In paticular, this notebook provides an example of applying linear regression using Tensorflow on moderated-size regression problem. It applies stochastic gradient descent using mini-batches of a given size, two approaches for selecting the next mini-batch exist: *1*: random indices from the training set are selected to be inside the mini-batch using a randomized seed, which is the number of the training iteration. In this case, one epoch, in general, does not cover all the training instances. *2*: a random permutation of the examples is passed and a particular slice of this permutation is used as mini-batch. It's guarateed that all examples are used in any epoch (this approach is the most common).
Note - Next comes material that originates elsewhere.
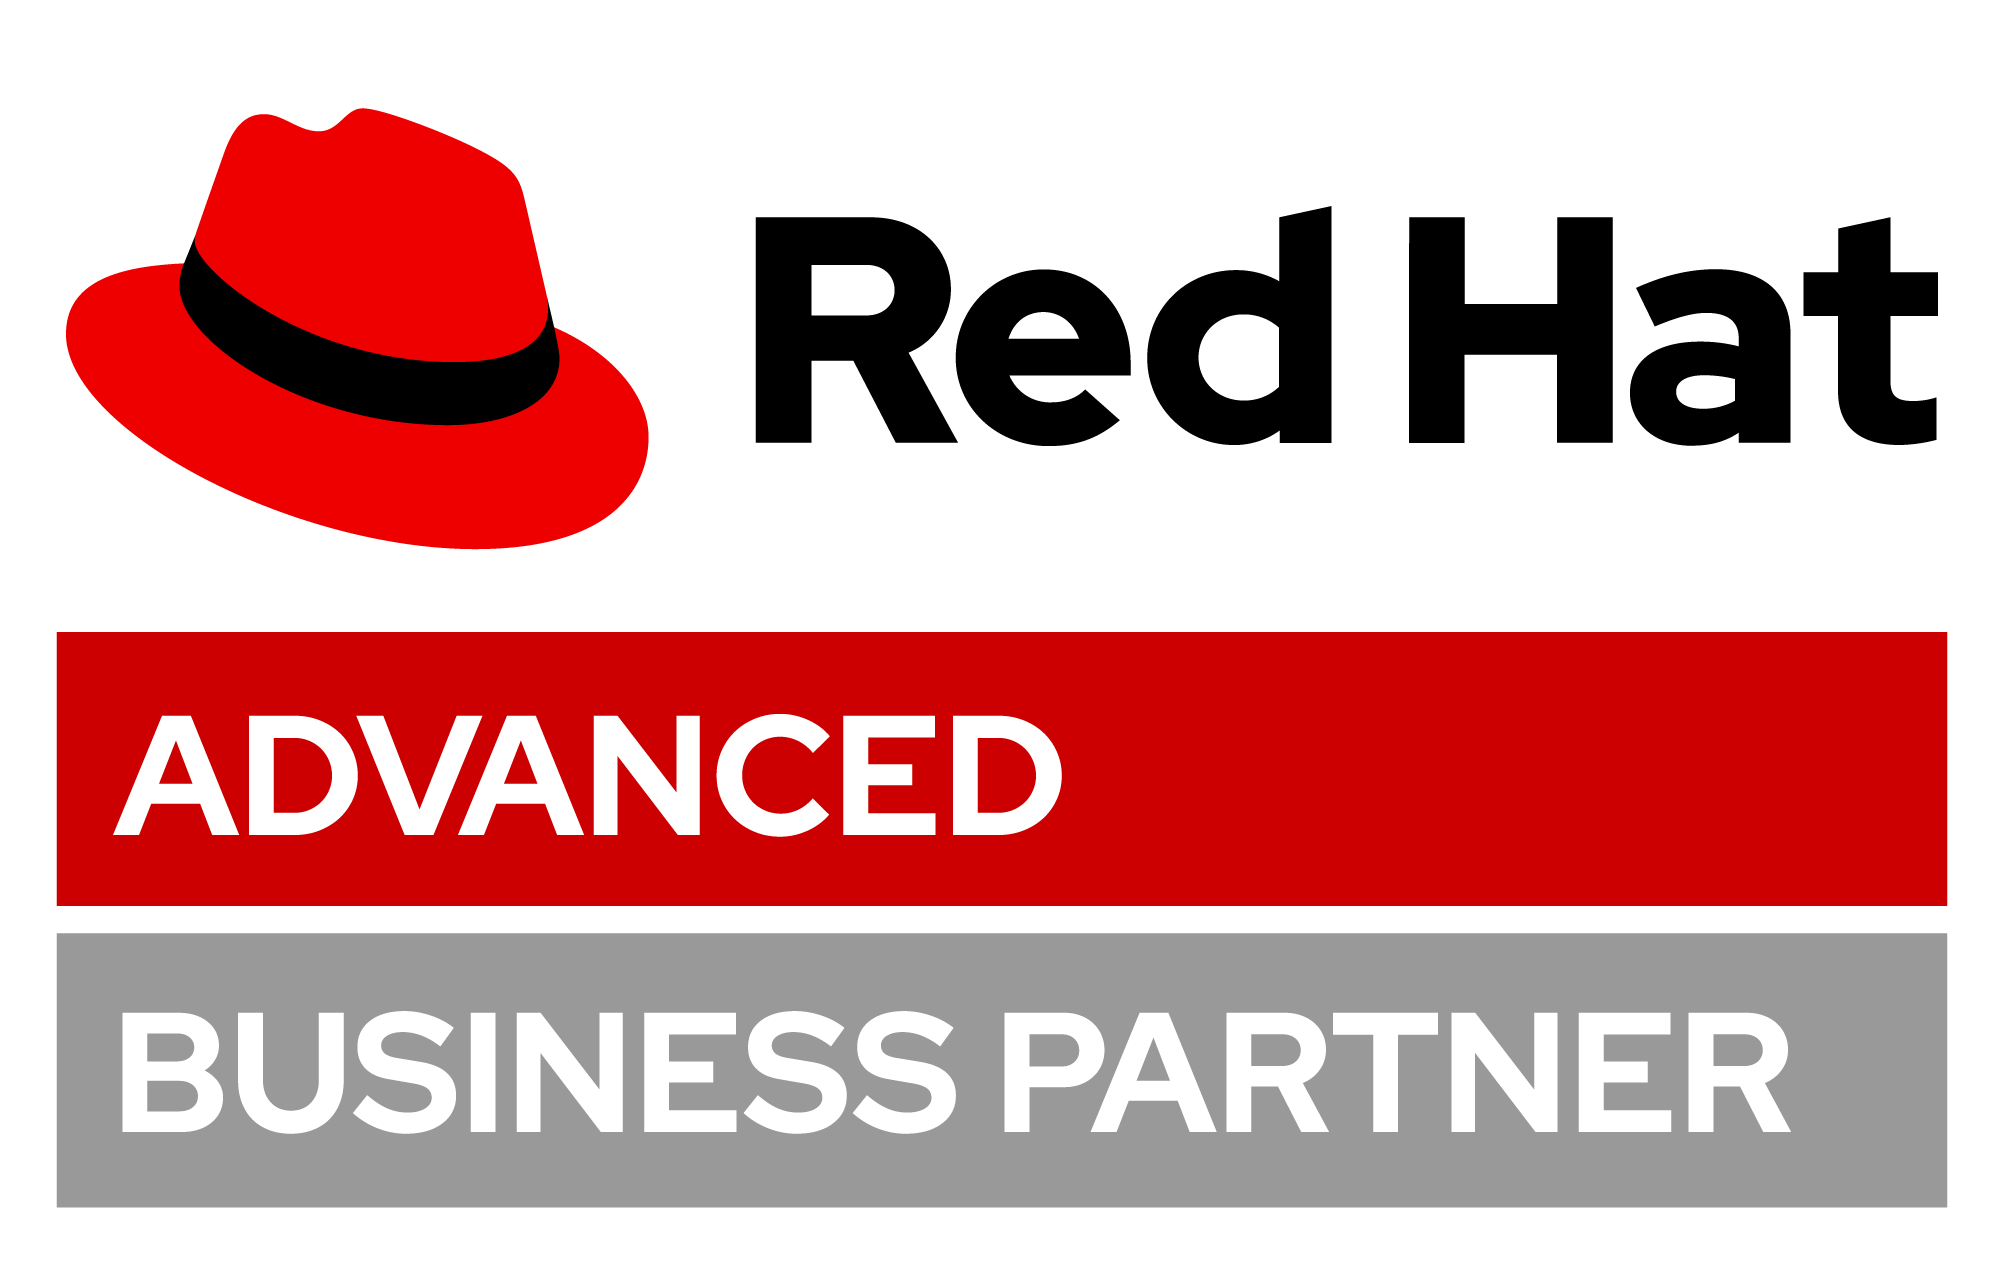 red-hat-new-logo-advanced-business-partner

The algorithm that minimizes the cost function is a plain stochastic gradient descent with mean squared error. An automatic search for good hyperparameters is not implemented, nor ensemble methods are used. However, the algorithm employs a naive implementation of early stopping. It just checks if the validaiton error has not decreased by an amount of *n_it* iterations; if dows not, the training is stopped.

In [1]:
import tensorflow as tf
from sklearn.datasets import fetch_california_housing
from sklearn.preprocessing import StandardScaler
import numpy as np
from datetime import datetime
import time
from sklearn.model_selection import train_test_split

### Fetching and Preprocessing data

In [2]:
#Fetching the data: in the first time it's executed, the data is downloaded to ‘~/scikit_learn_data’ subfolders (this may
#take a while); once, downloaded and executed again, the function just read the available dataset.
housing = fetch_california_housing()
print(fetch_california_housing().keys())
print('Entire dataset shape: ', housing.data.shape)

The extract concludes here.